Halimun di cakrawala semakin menebal, tak lama gerimis pun datang. Pak Kiai dan dua cucunya masih asyik bercanda dan berlarian di tengah rumput hijau, tidak mempedulikan rintik hujan yang mulai menerpa wajah. Tidak jauh dari mereka dua air terjun dengan suara khasnya bagai irama musik alam yang memecah kesunyian. Bu Nyai yang duduk di gazebo tersenyum melihat tingkah Pak Kiai yang seolah larut pada masa kecilnya, bebas tertawa dan berlarian di tengah rintik hujan. Kali ini dia bermain bersama cucu-cucunya.
Bunga sepatu , pacar air, kana, kertas yang berwarna warni menghiasi tepian rumput yang menghijau, menambah indahnya tempat ini, wisata alam yang sangat diminati. Tiga puluh delapan tahun yang lalu Bu Nyai melaksanakan KKN di desa terpencil ini. Udaranya sangat sejuk dan pemandangan alamnya sangat memukau , sayang belum ada yang mempedulikan, kemudian dia dan teman-teman mahasiswa KKN menemukan tempat ini, yang dahulu masih dianggap tempat yang menakutkan.
***
Fatimah dan keempat temannya turun dari kendaraan yang disewa kampus tepat di depan rumah Bapak Kepala Dusun. Dia agak kesulitan ketika harus mengangkat kopor dan tas yang besar.
"Bisa aku bantu?" Salah satu teman yang baru dia kenal di kendaraan menawarkan bantuan.
"Duh, senyumnya menawan , wajahnya bersih dan bercahaya, mungkin dia rajin berwudhu dan salat," pikir Fatimah.
"Terima kasih ," jawab Fatimah seraya memberikan kopor pada teman barunya.
Kelima mahasiswa KKN itu berjalan menuju rumah Pak Kadus yang mempunyai halaman luas, kanan kiri rumah ditumbuhi pohon cengkih dan buah-buahan. Pak Kadus dan istrinya menyambut mereka di depan rumah. Senyum mengembang penuh suka cita.

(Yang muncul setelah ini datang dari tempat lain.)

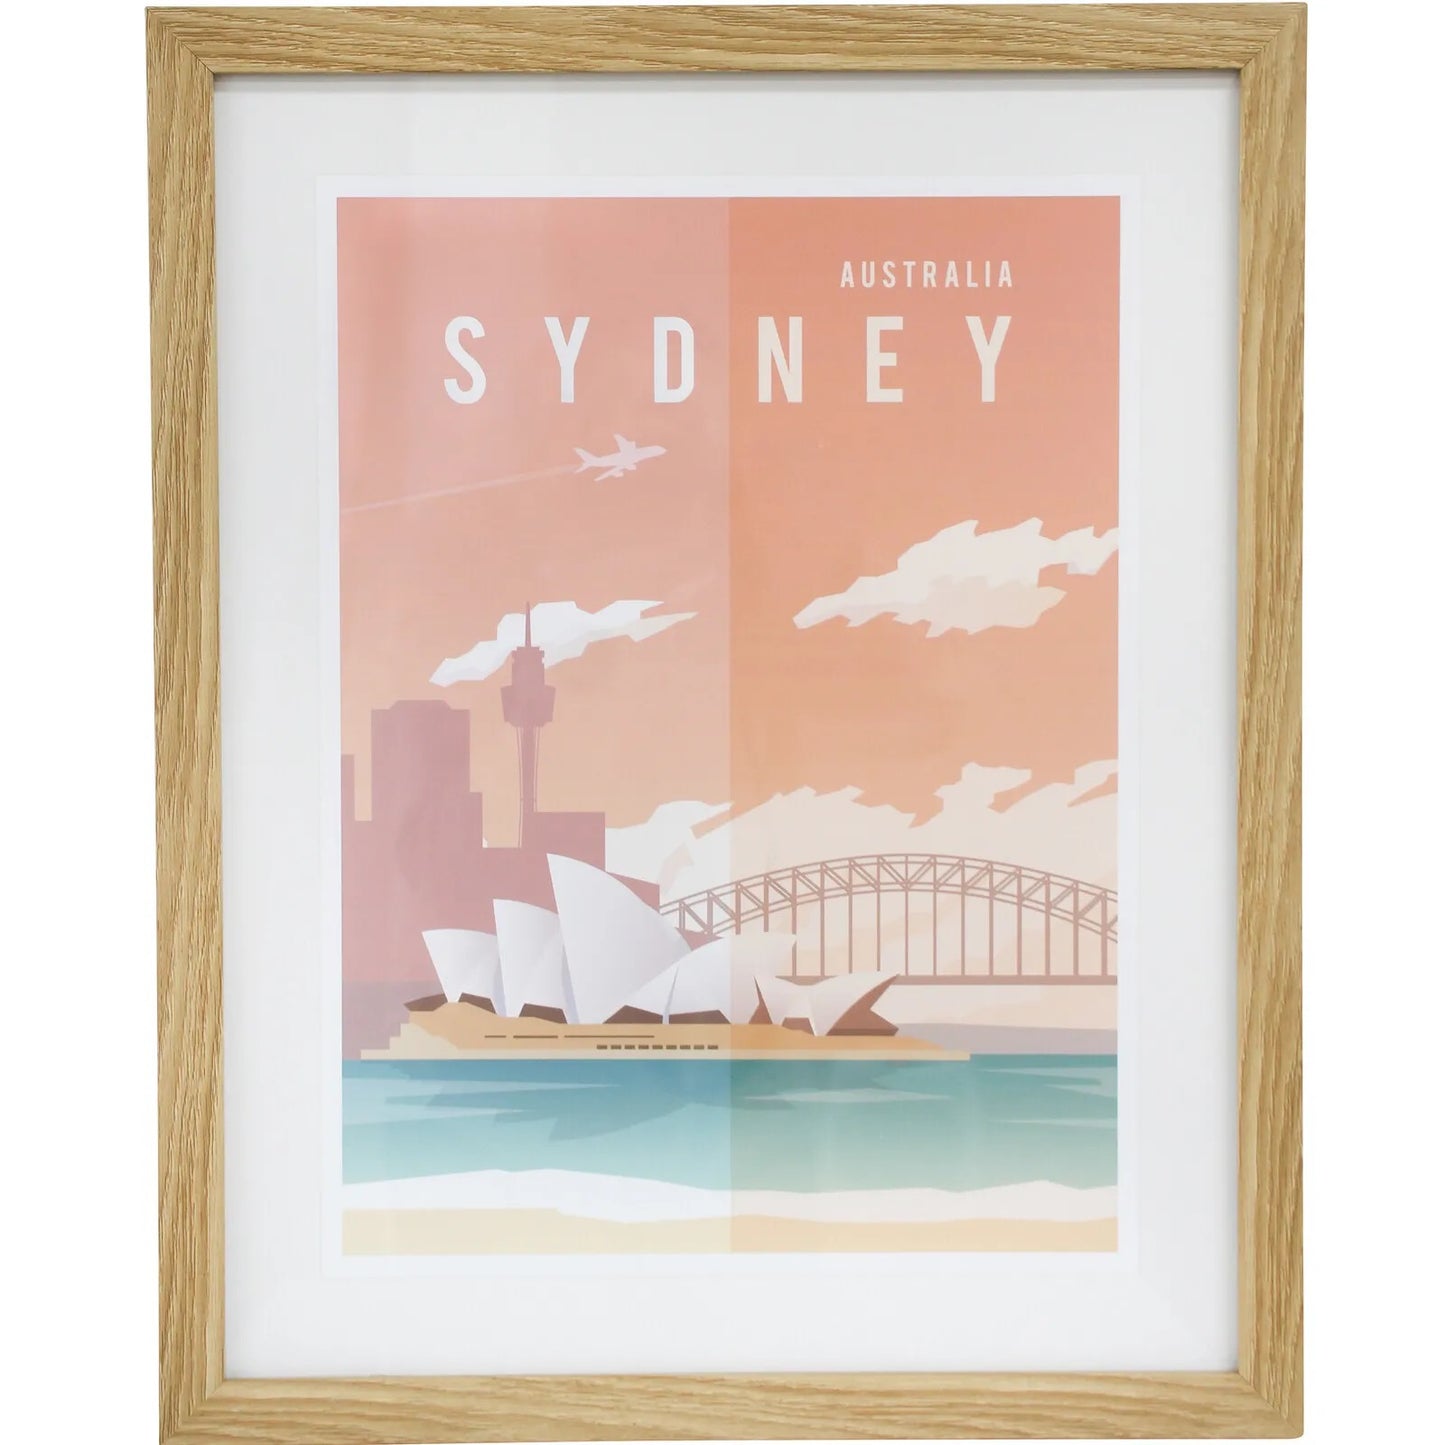 Sydney framed print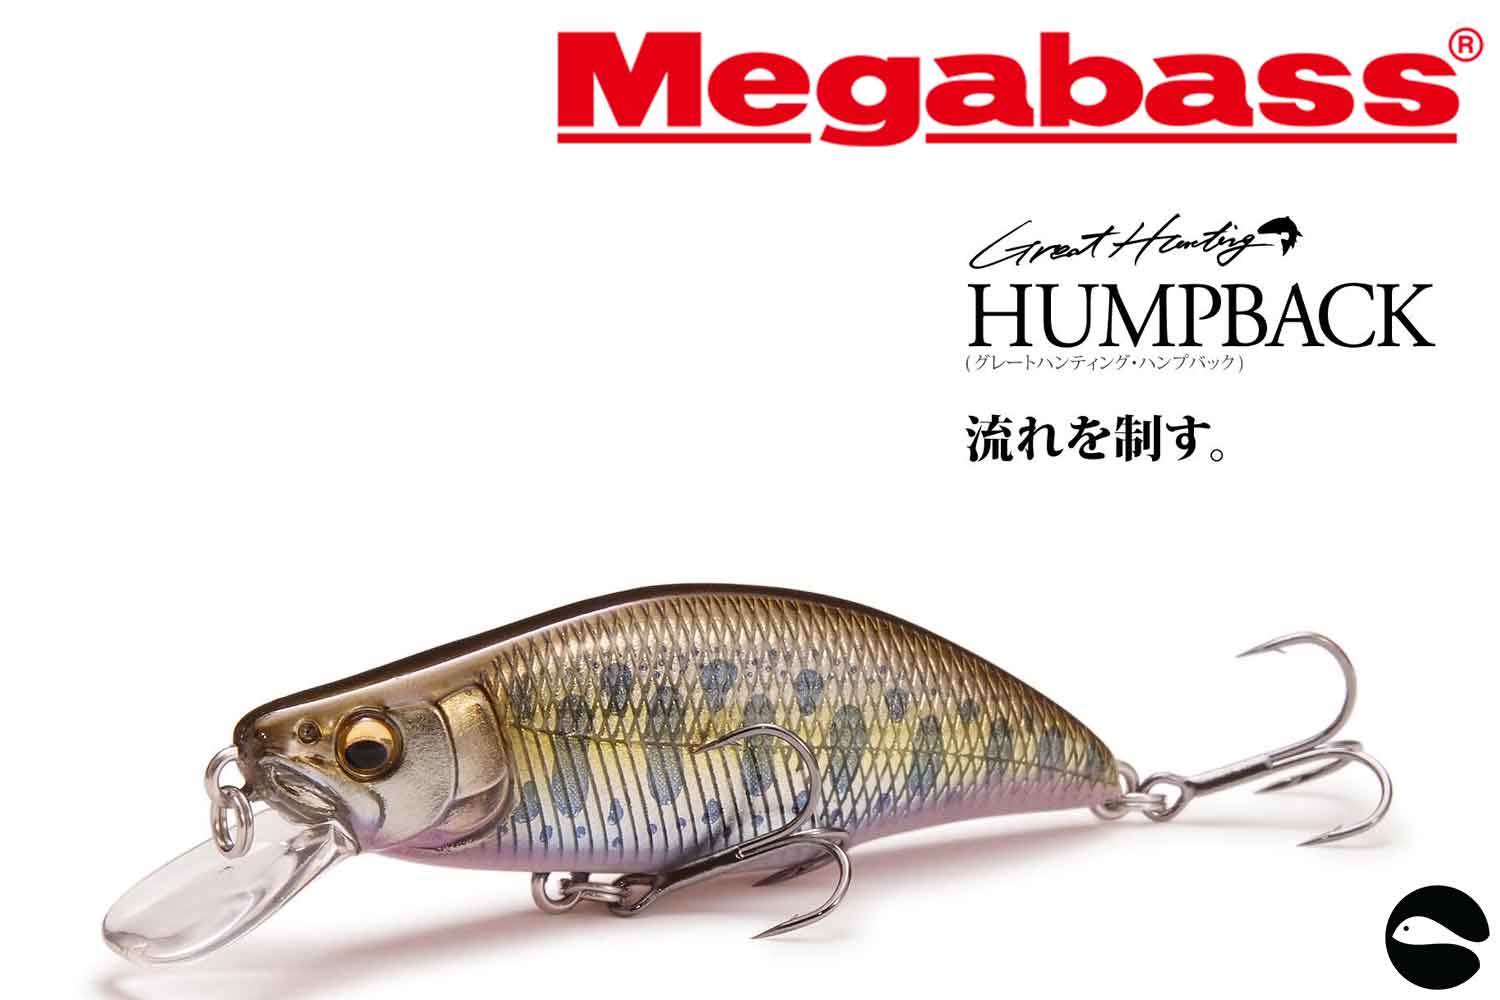 megabass great hunting humpback

Menjadi tempat posko mahasiswa KKN merupakan suatu kehormatan bagi mereka.
Ketika memasuki ruang tamu sederhana tetapi luas, di meja tamu sudah tersedia teh dan banyak makanan khas desa. Ada singkong yang diberi gula aren, jagung rebus serta tahu bacem, membuat perut mereka kembali lapar. Begitu tuan rumah mempersilakan makan, kelima mahasiswa itu segera menikmati hidangan langka itu. Kemudian kelima mahasiswa itu memperkenalkan diri. Mahasiswa yang menolong membawakan kopor Fatimah bernama Stephanus Wisnu Anoraga. Vidia mahasiswa Fakultas Hukum, Kuncoro, Teknik Kimia dan Setiyono, dari Fakultas Peternakan.
Bila pagi hari sesudah salat subuh Fatimah dan Vidia menuju ke sungai yang tidak jauh dari rumah untuk buang hajat besar, karena rumah Pak Kadus tidak memilik WC. Seminggu sekali mereka berlima menuju sendang untuk mencuci pakaian. Ada dua sendang yang bersih airnya, sebelah kiri pohon beringin untuk laki-laki dan sebelah kanannya untuk perempuan. Ketika menuju sendang mereka harus melewati pematang sawah serta jembatan bambu di atas sungai kecil yang airnya bening karena belum tercemar.
Setiap berada di sendang para mahasiswa KKN menatap bukit yang terlihat jelas . Mereka merasa penasaran dengan cerita penduduk yang mengatakan bahwa di atas bukit yang jalannya sangat terjal itu ada sepasang air terjun. Namun tempat itu sangat jarang dikunjungi karena selain jauh dan sulit dijangkau ada mitos kalau ada sepasang kekasih atau suami istri yang mengunjungi ke sana pasti hubungan mereka akan putus.